**Data block**.
□ □ □ □ □
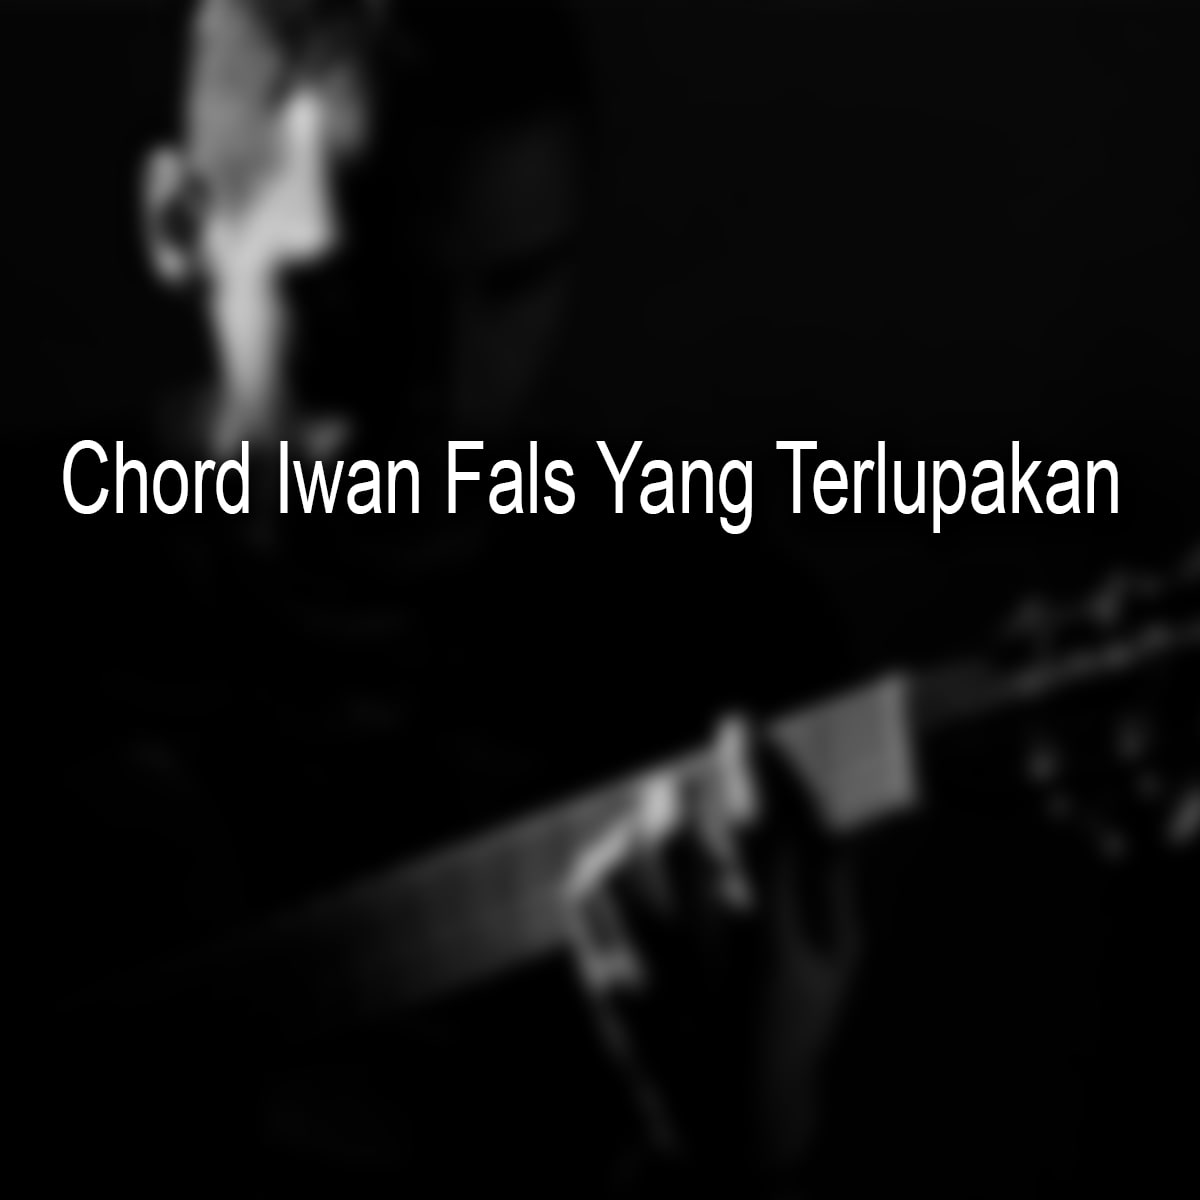 Chord Iwan Fals Yang Terlupakan
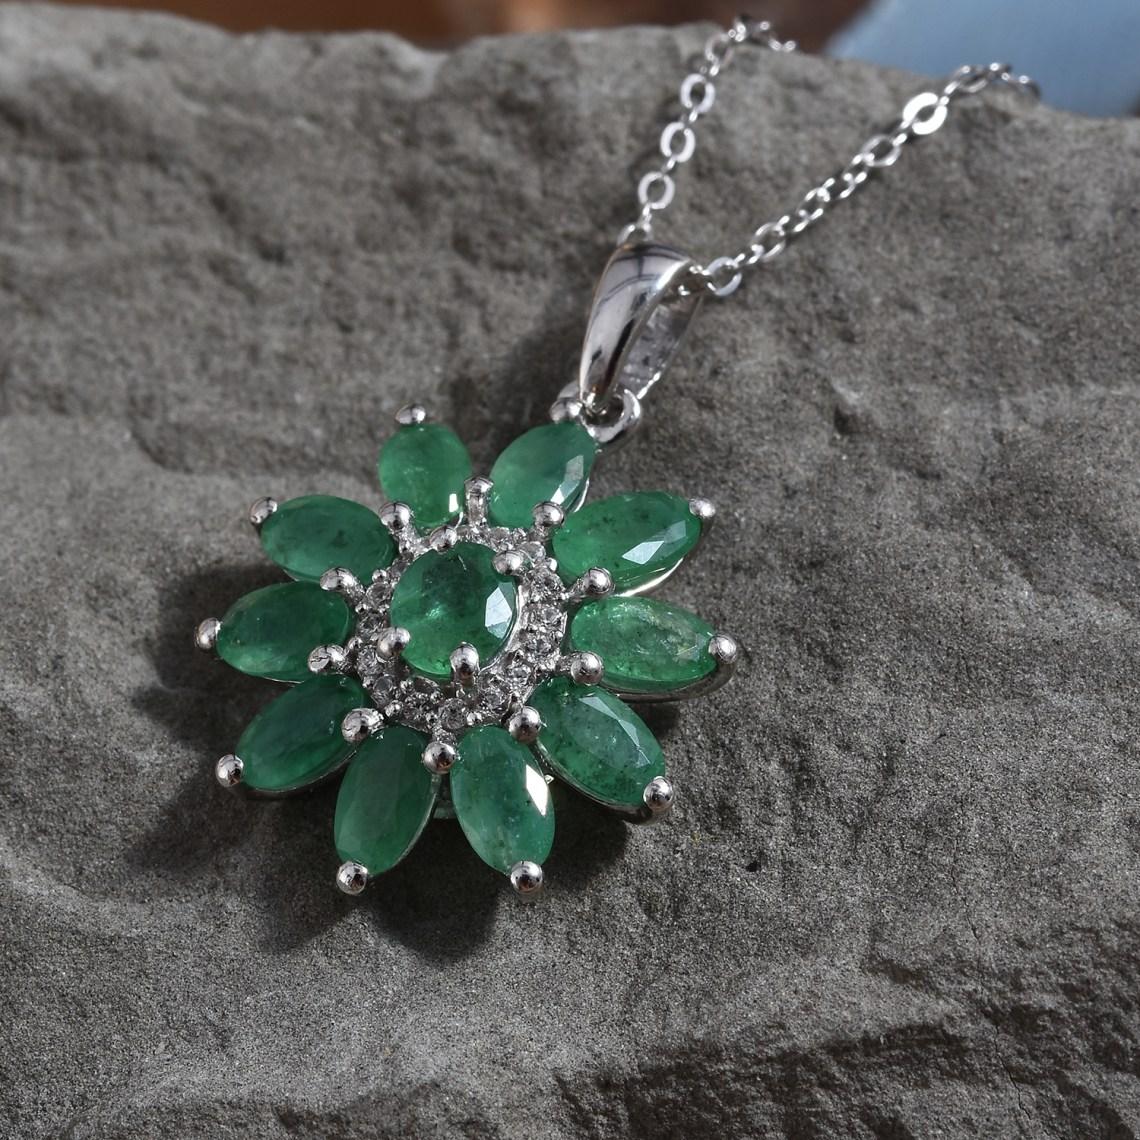 Emerald burst pendant displayed over gray stone background.
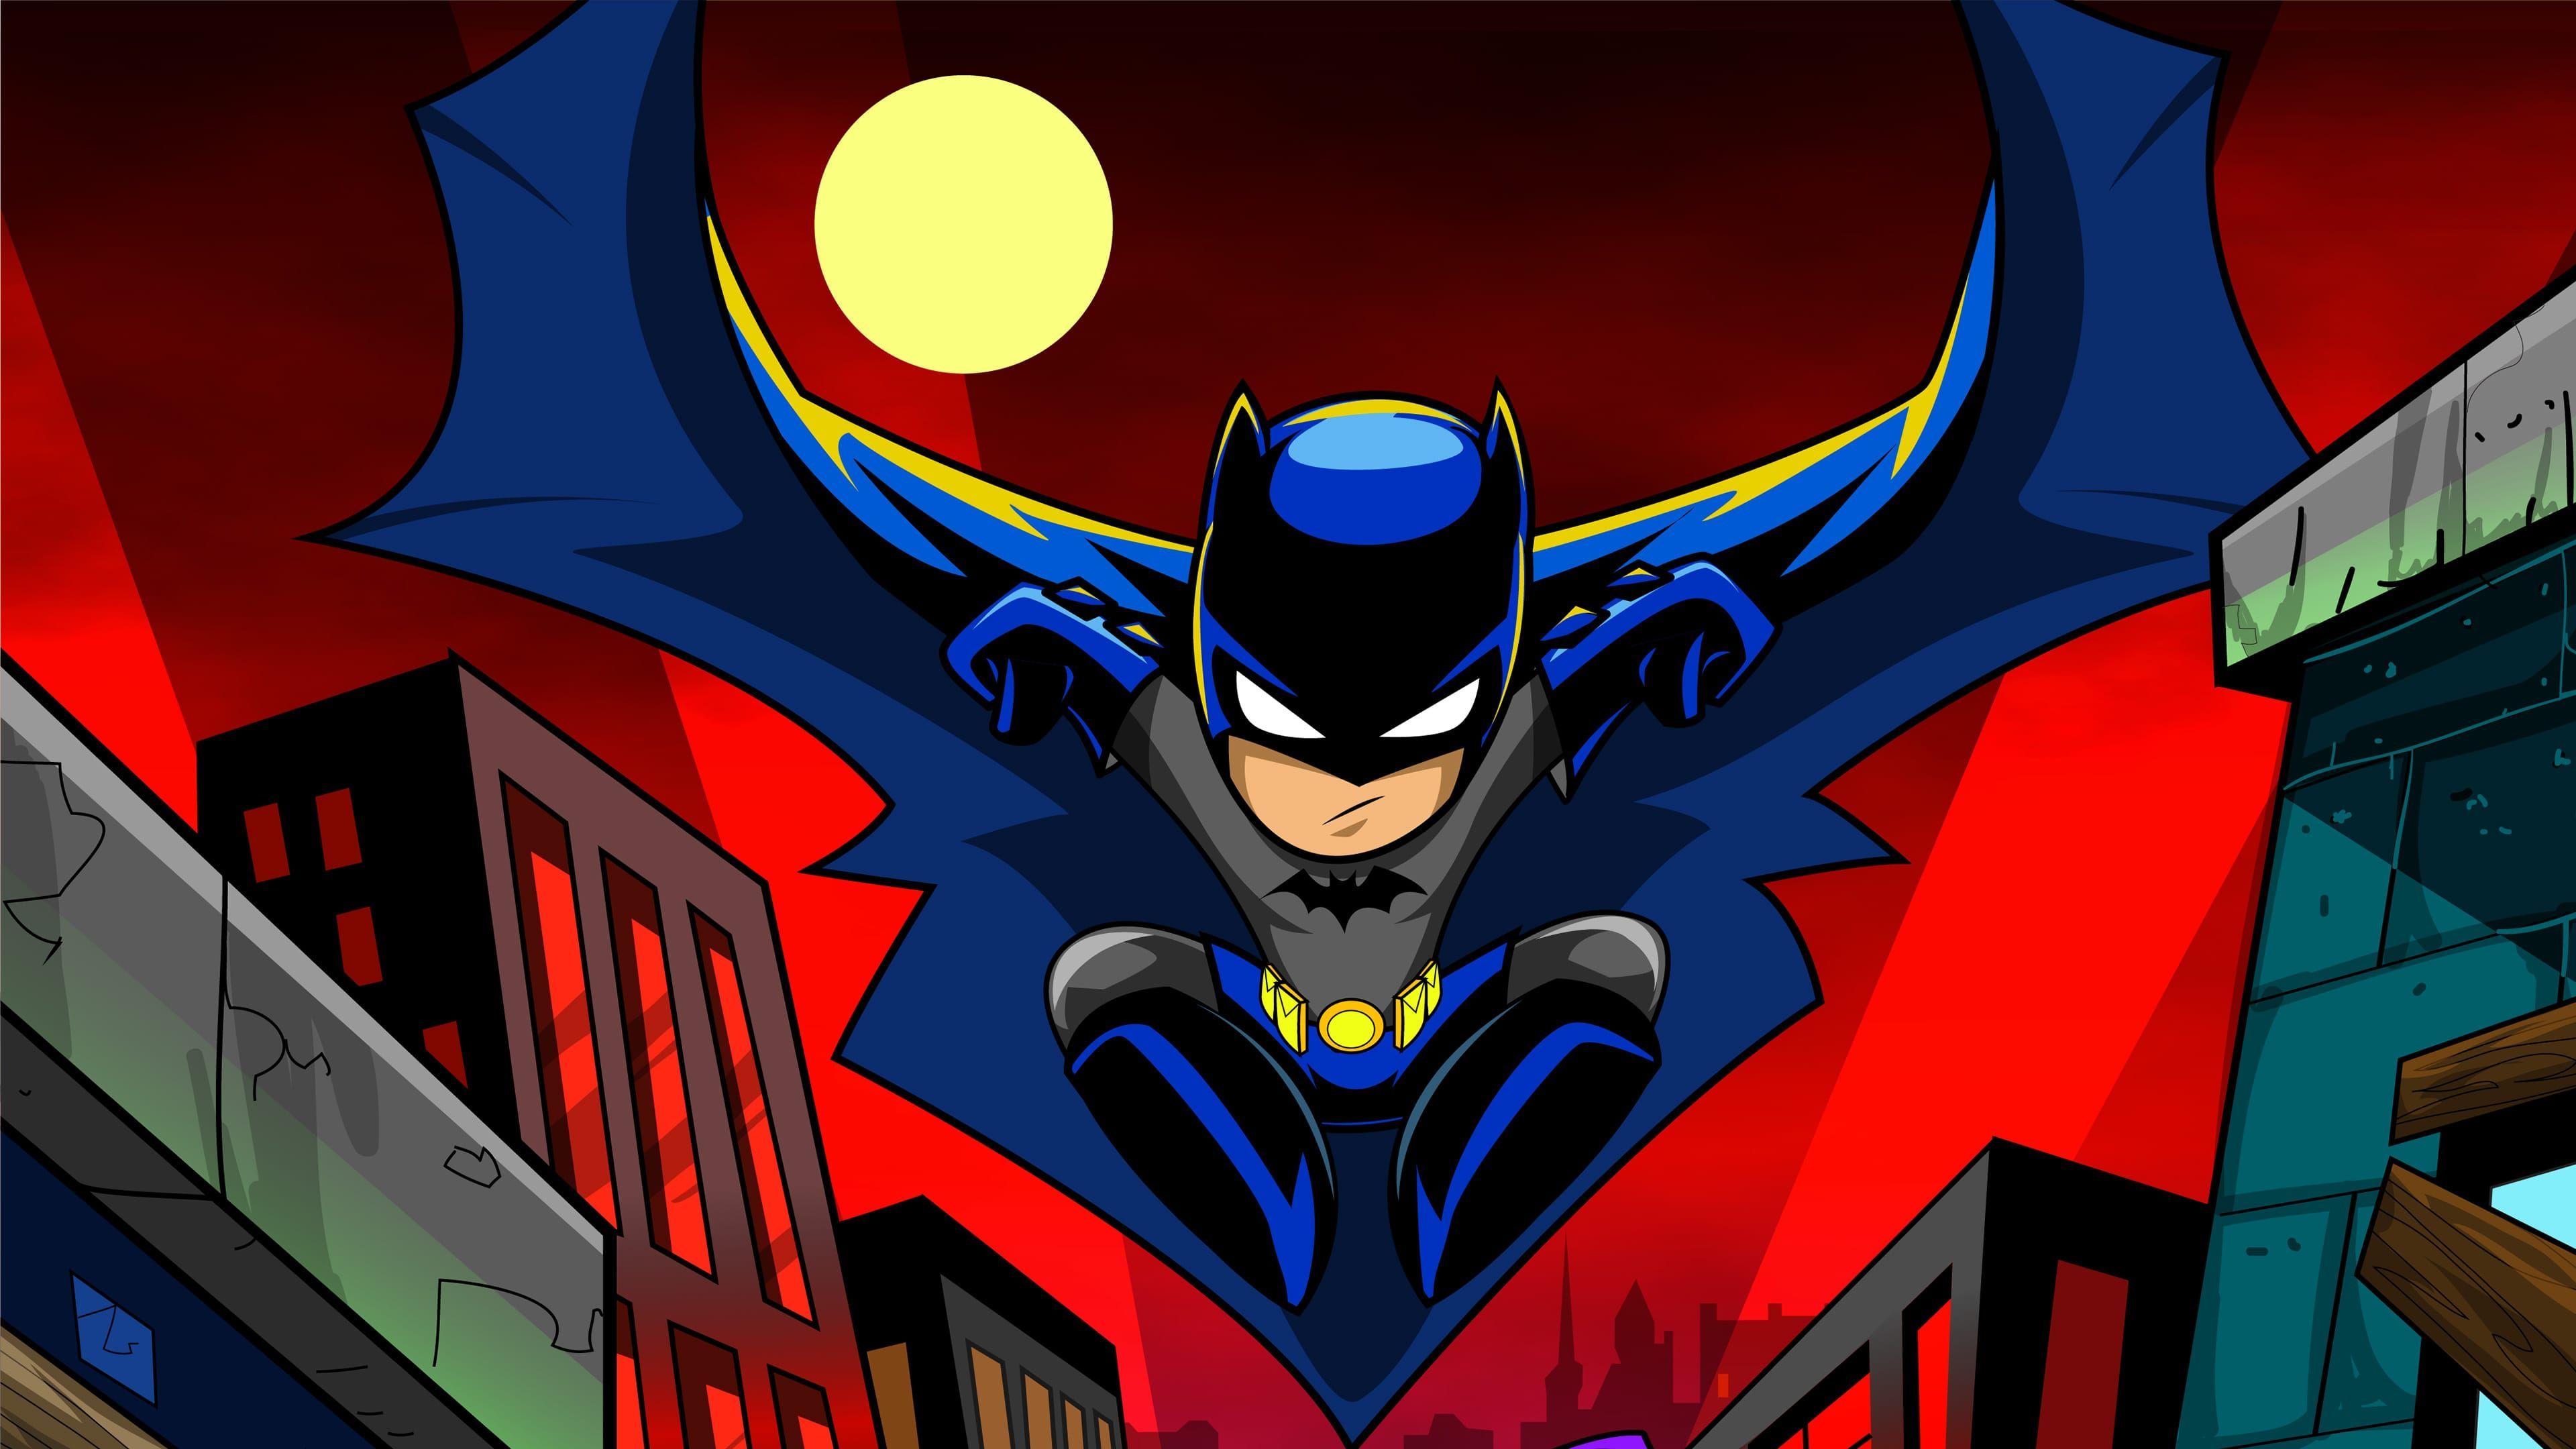 Batman Cartoon Art 4k Awesome Desktop Hd Wallpaper Batman Wallpaper Cartoon Wallpaper Cartoon Wallpaper Hd
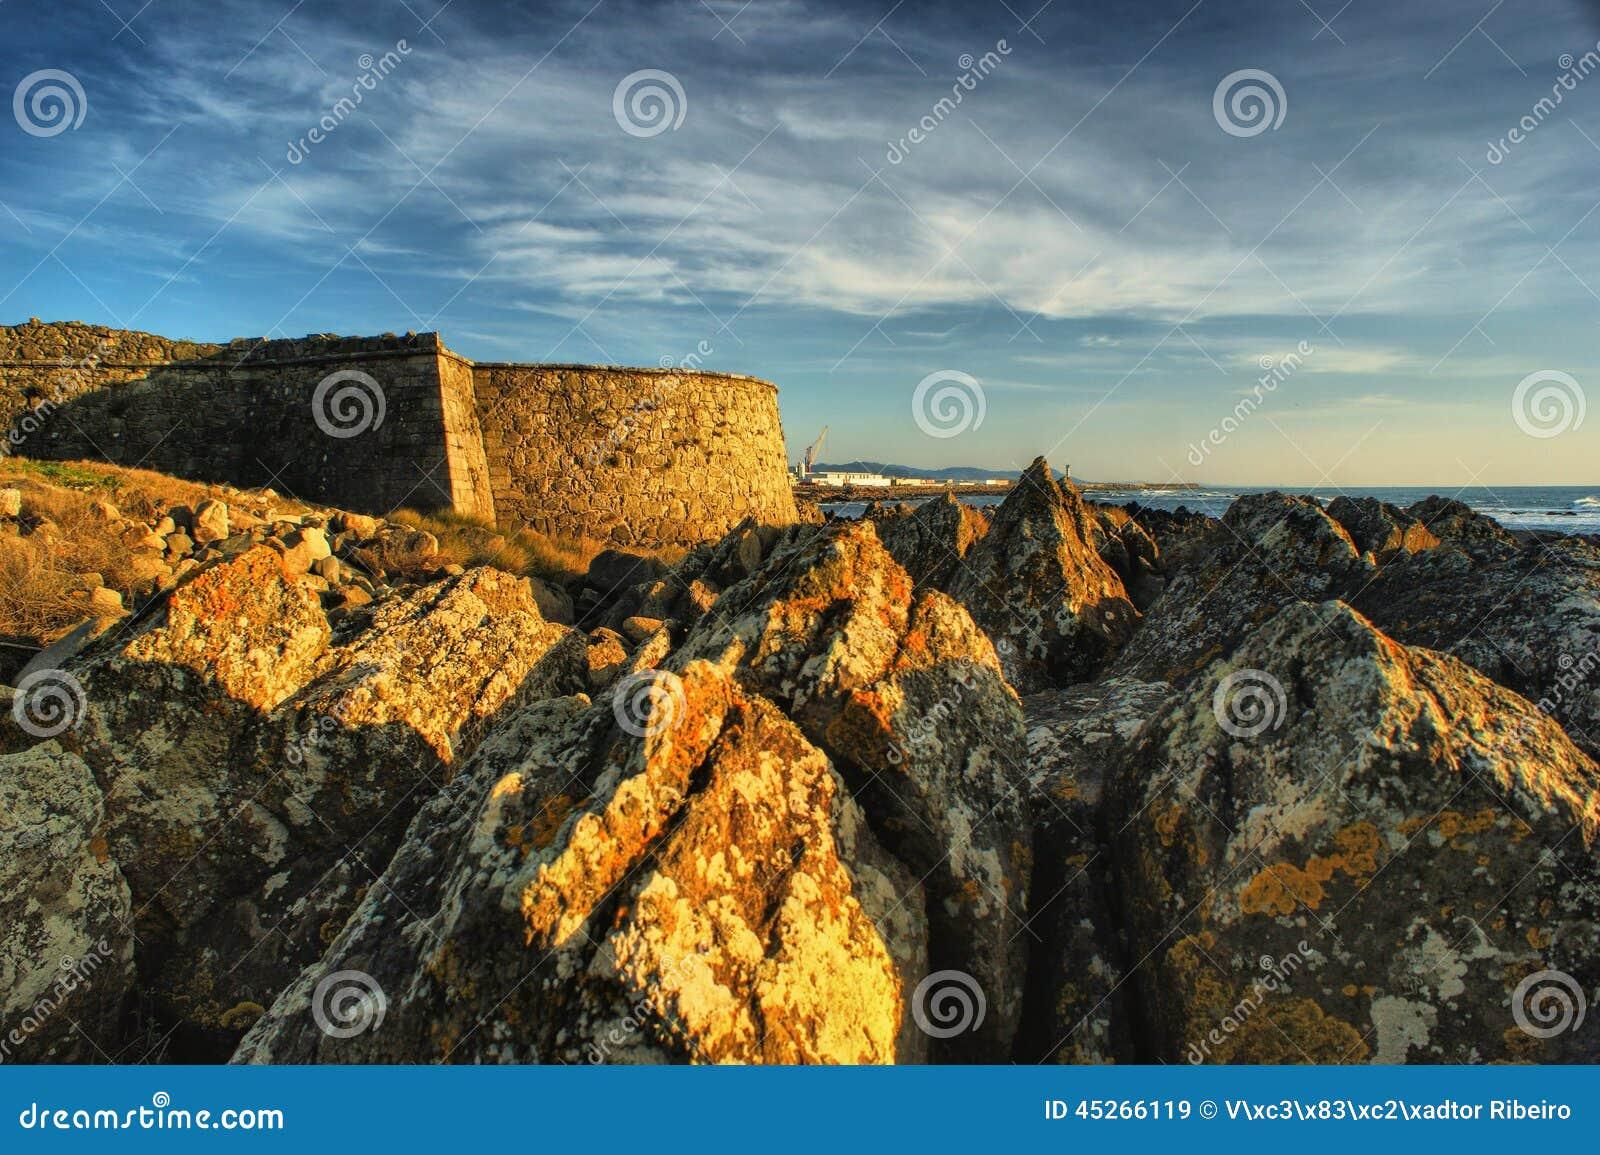 Carreco fortress in Viana do Castelo
□ □ □ □ □
**Task brief**. Once the pictures are set aside, what is needed is the lines from the line with "Emerald burst pendant" through the end of the data, written out exactly and alone.

**Written reply**.
 Emerald burst pendant displayed over gray stone background.
 Batman Cartoon Art 4k Awesome Desktop Hd Wallpaper Batman Wallpaper Cartoon Wallpaper Cartoon Wallpaper Hd
 Carreco fortress in Viana do Castelo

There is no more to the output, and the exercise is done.